I’ve chosen 100 hidden units, clamped a subset of MNIST dataset to them, and here’s the result:
Looks kinda feature-ish, but a bit messed up. Let’s try to add some sparsity to make hidden units represent more independent features. The basic way to to it is described by Honglak Lee, and it’s just adding to weights and hidden biases, where is the desired sparsity target, meaning average probability that a certain unit is on. Actually it is possible to add that term only to hidden biases, and we’ll get back to it in a moment.
Sparse RBM filters looks like this:
I’m still not sure whether that’s cool or rather not — on the one hand, average hidden unit’s activation definitely go down, and units start to represent different (independent) features. On the other hand, too many of them look like “1” — maybe that’s because those diagonal straight lines are tend to occur in “1” and “7” quite often. I also would like to end up with nice penstrokes-like features like those pictured in Lee’s paper, and after some digging discovered that whitening (preprocessing operation that make different image pixels less corellated with each other) helps to achieve something like that. But I couldn’t apply it right now, because I needed my data to be real-valued, and that, in turn, required my visible units to be Gaussian.
At first I’d like to point out that I haven’t found literally any analysis on the matter. Energy function for Gaussian RBM is just stated (by Hinton, Lee and some other papers I’ve managed to google), and no further comments are made. That’s really disappointing especially because everyone keeps saying Gaussian RBMs are hard to train. And, by the way, this is so true.

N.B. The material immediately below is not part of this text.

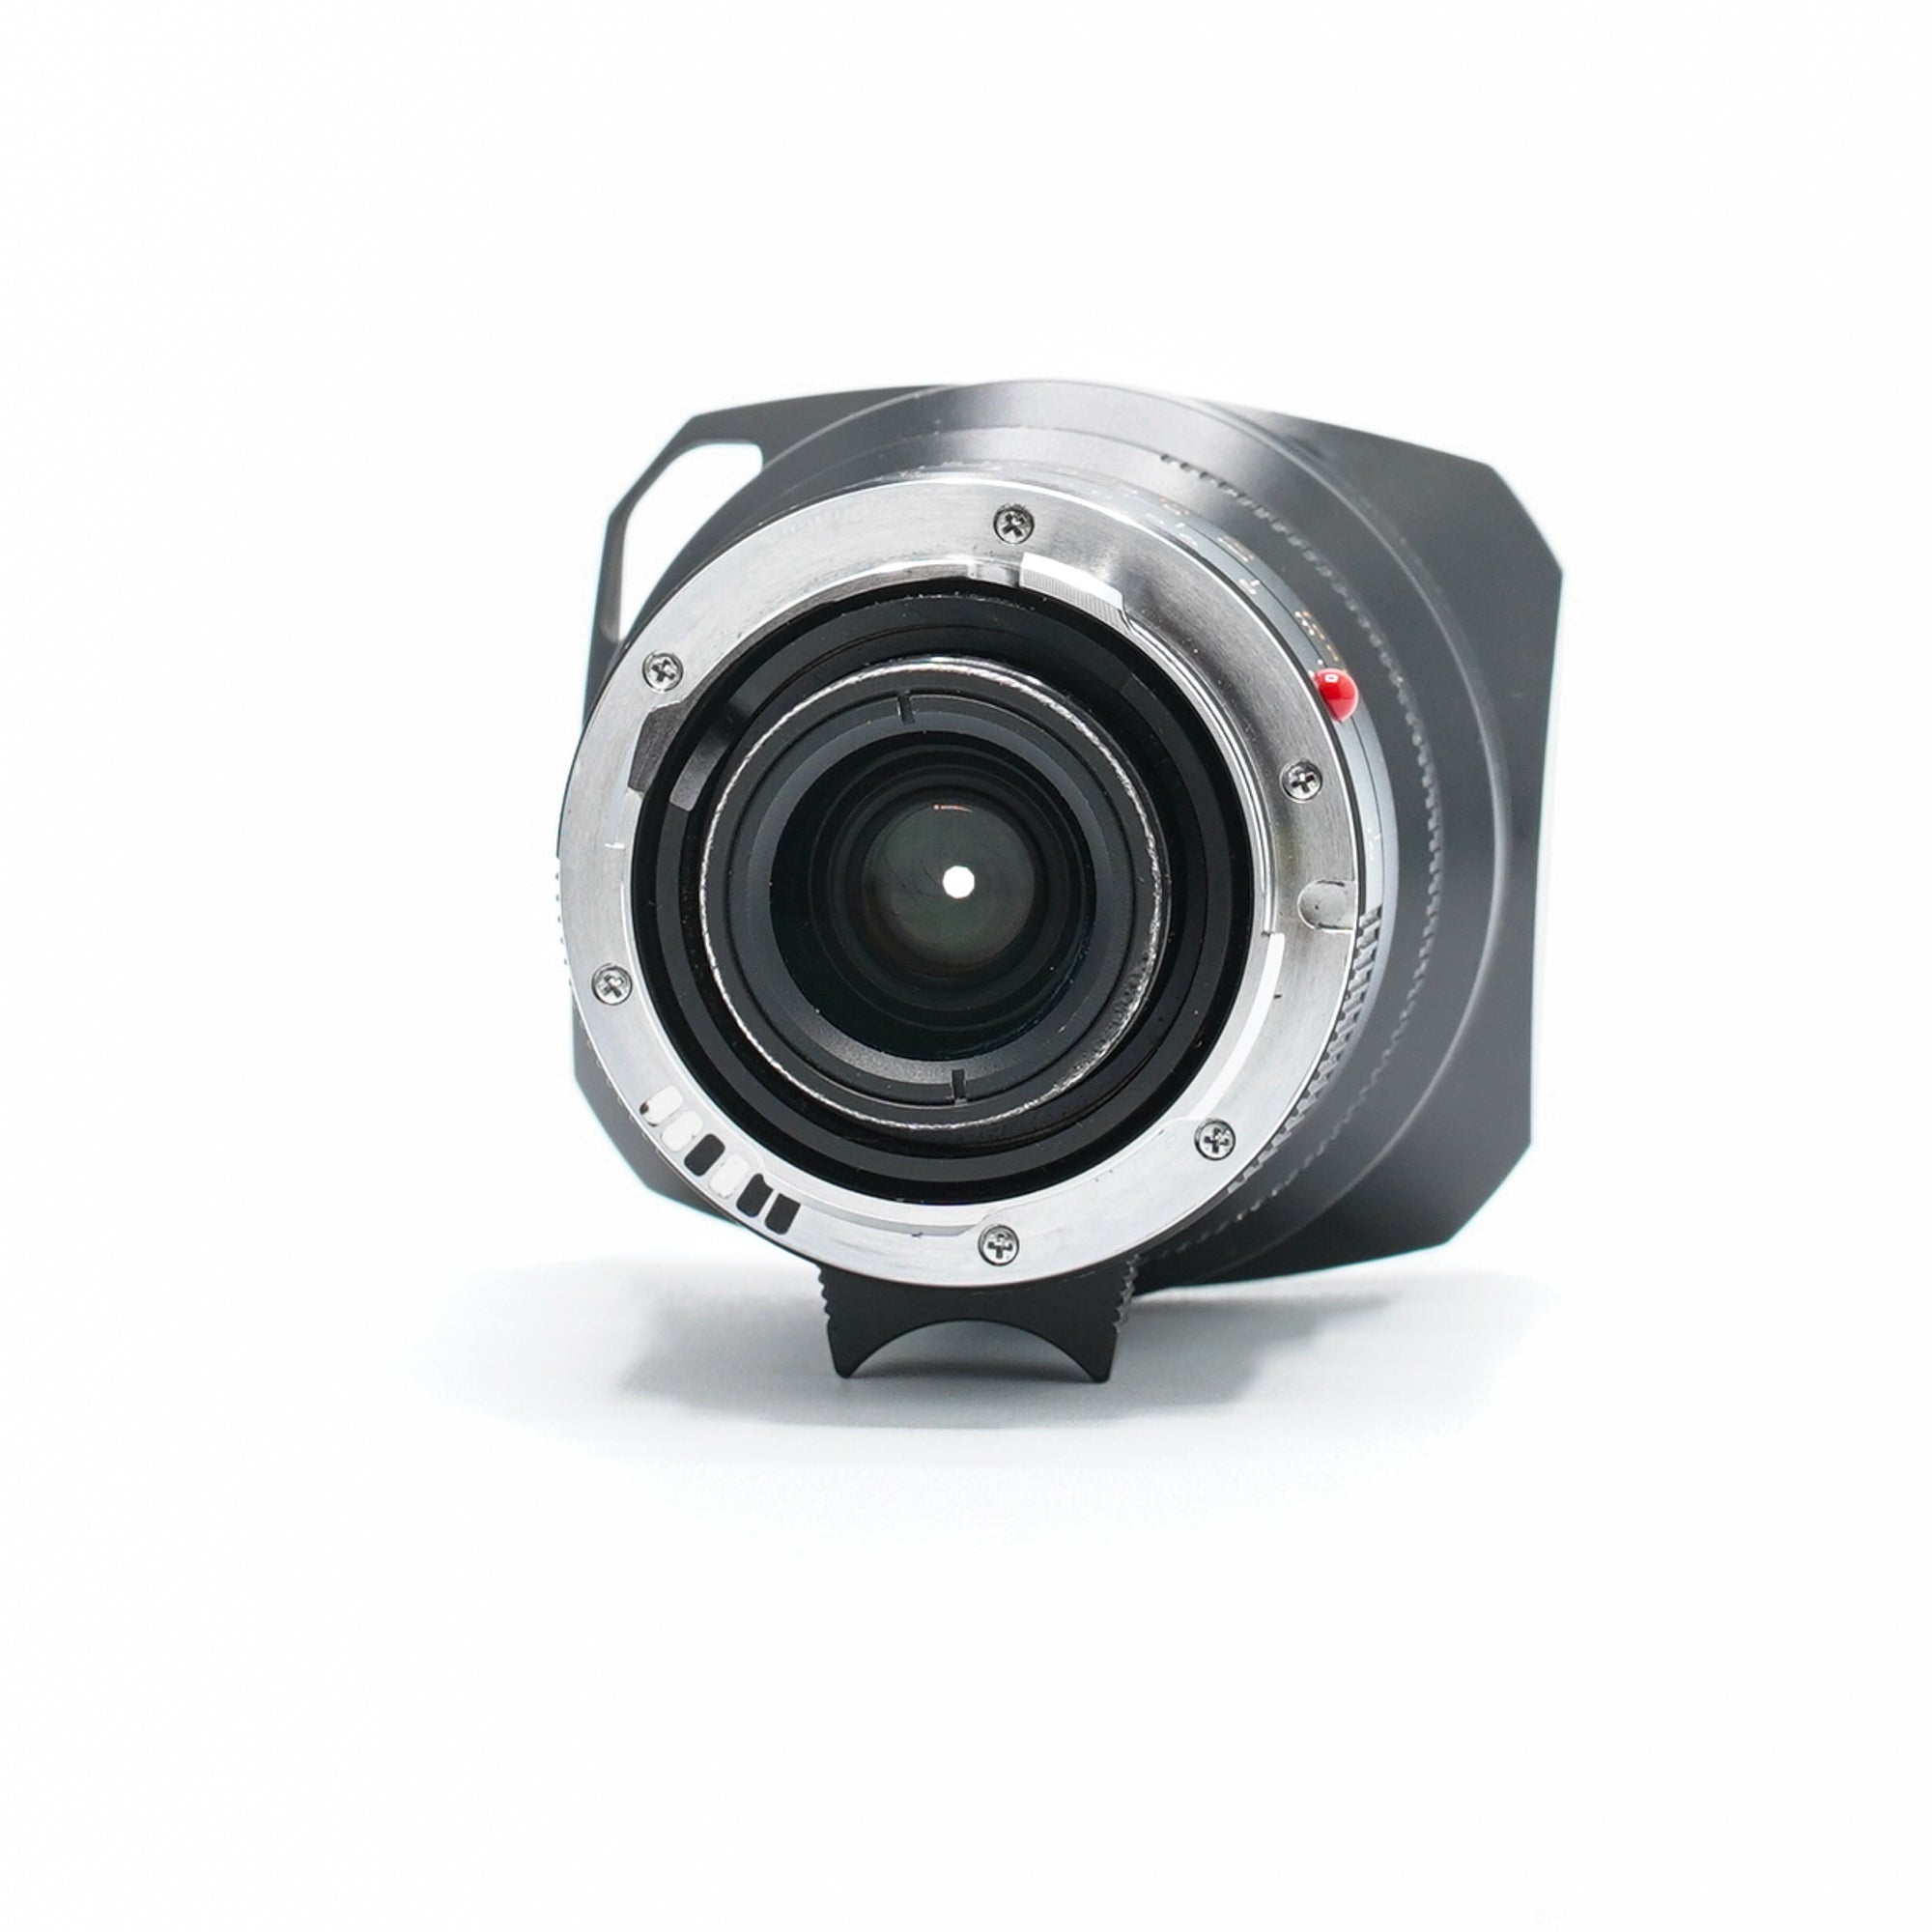 Leica Super-Elmar-M 18mm F3.8 ASPH. schwarz

First, it doesn’t even work at all with uniformly initialized weights. To make it learn, I had to replace them with normaly distributed weights with zero mean and 0.001 standart deviation (thanks to practical guide again). Any attempt to increate the std value breaks learning like completely.
Oh, and I forgot to mention the actual change: for visible units I’ve replaced the activation function with sampling from normal distribution of mean and unit variance. To be able to do that I had to rescale the input data to zero mean and unit variance (otherwise it’s also possible to learn precise variance parameters per each unit). Also I guess I can’t use “raw” value to collect learning statistic (as I did with Bernoulli probability), so I’m going to sample states everywhere.
According to my (kinda sloppy) observations sparsity doesn’t work so good for Gaussian RBM either — adding sparsity penalty to the weights seems to push the gradient in the wrong direction maybe? Anyway, average hidden activation doesn’t change properly. I’ve followed Lee’s advice about adding sparsity penalty just to visible biases, and now it works better.
The results are… slightly better as well, I guess:
(this is with sparsity enabled)
I can distinguish specific digits, but not penstrokes, still. Let’s whiten the data and try it again:
Whitened MNIST digits. Can’t say they actually change a lot
…and this is where I’m stuck at the moment. This doesn’t look like features in any way, and I don’t understand what is the problem. The curious thing about it is that the model still learns, reconstruction error goes down — but it learns these pretty much random noise filters, still being able to make better reconstructions.
I’m going to pause for a bit and maybe look for external help. All the cases mentioned are uploaded in my playground repo.